Photo by Sarah Kinbar
Kevin Deane at a Wednesday comedy open mic at Bull & Bush
Venues booking major comedy acts, like the Improv, Hard Rock Live and Dr. Phillips Center, are no doubt important to Orlando's comedic ecosystem, but the best of the best don’t serve up laughs at big venues unless they’ve had a ridiculous amount of practice.
In Orlando, an important breeding ground for local comedic talent is the Wednesday night open mic at Bull & Bush, the British pub in the Milk District. Though it may not get as much attention as the Shit Sandwich weekend night at the same venue, dozens of great entertainers consistently show up and make hump day the best day of the week.

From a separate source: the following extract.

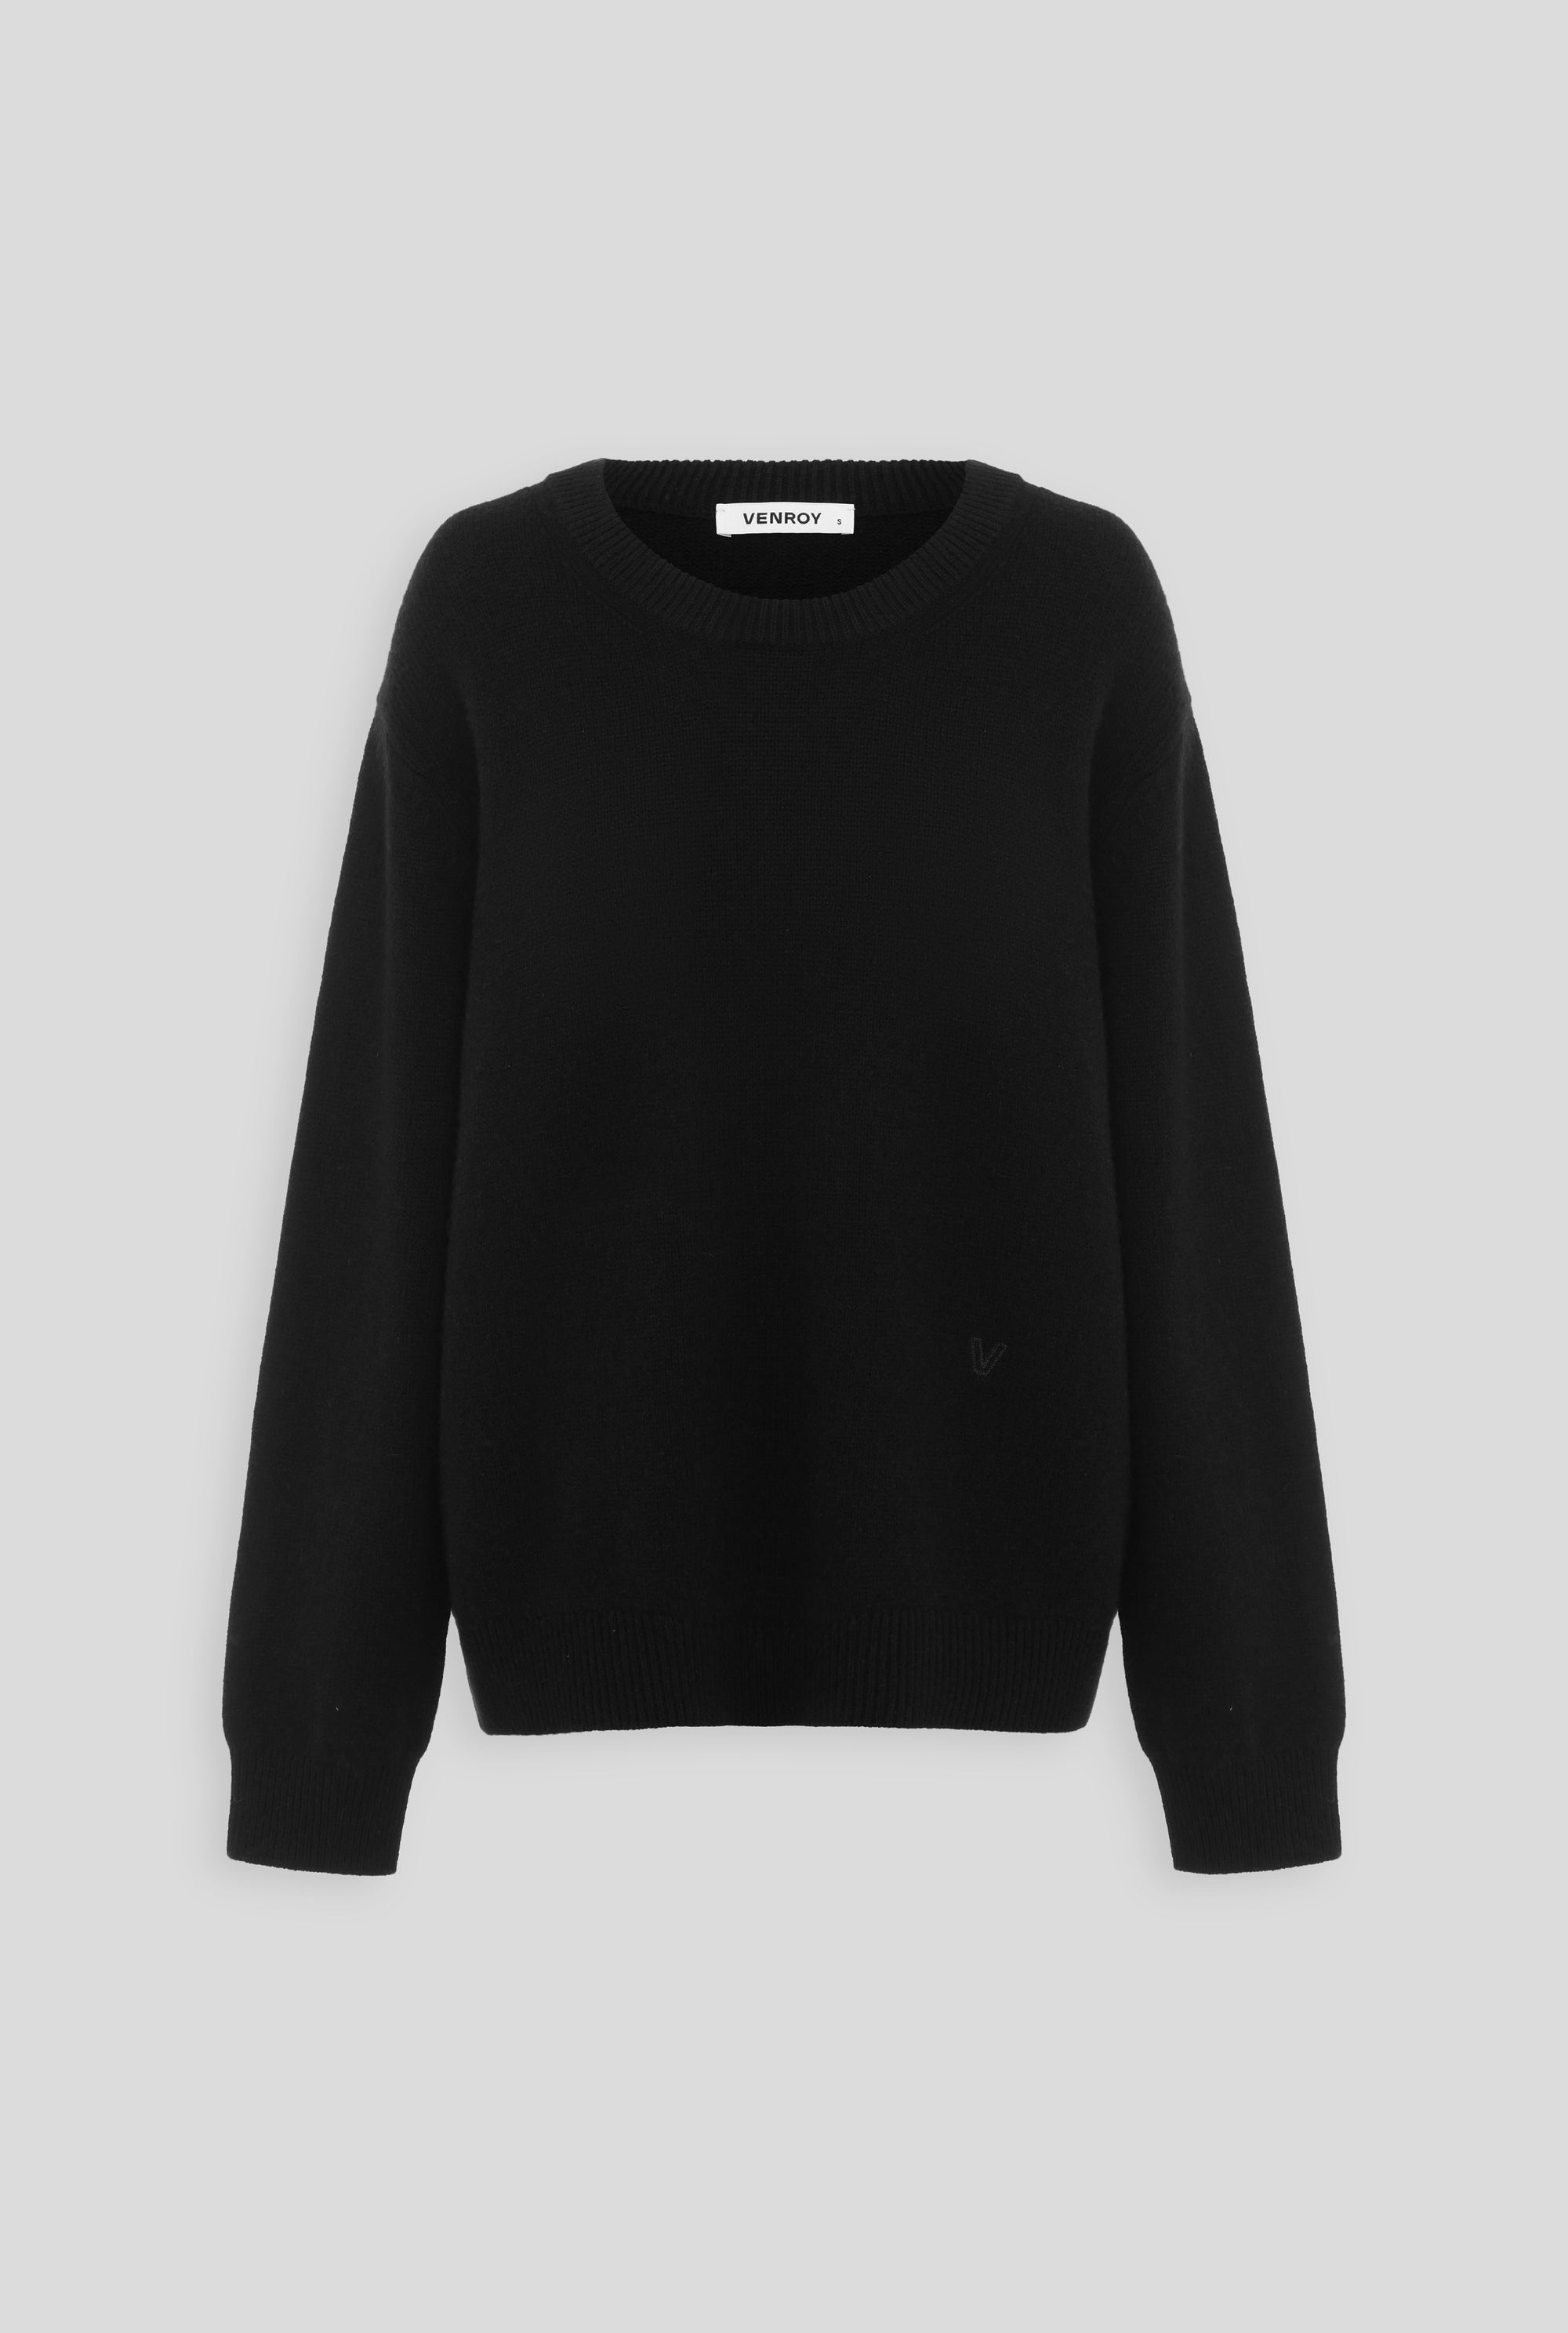 Venroy - Womens Oversized Wool Cashmere Sweater | Venroy | Premium ...

When he was younger, St. Cloud comedian Kevin Deane started watching Chris Rock and Eddie Murphy and quickly recognized comedy as “the last remaining art form that allows people to tell the truth.” He started doing open mics in 2016, and by 2019 he took his comedy seriously enough to make a career of it.
Bull & Bush’s mic on Wednesdays is one of the more reliable local proving grounds, in his opinion. “When I'm trying out new material I take it to Bull & Bush because I know that there's gonna be people there who will pay attention,” says Deane.
He’s right, the room is packed, but often it’s more full of comedians than patrons. Deane thinks that Bull & Bush makes sense as a week-night destination.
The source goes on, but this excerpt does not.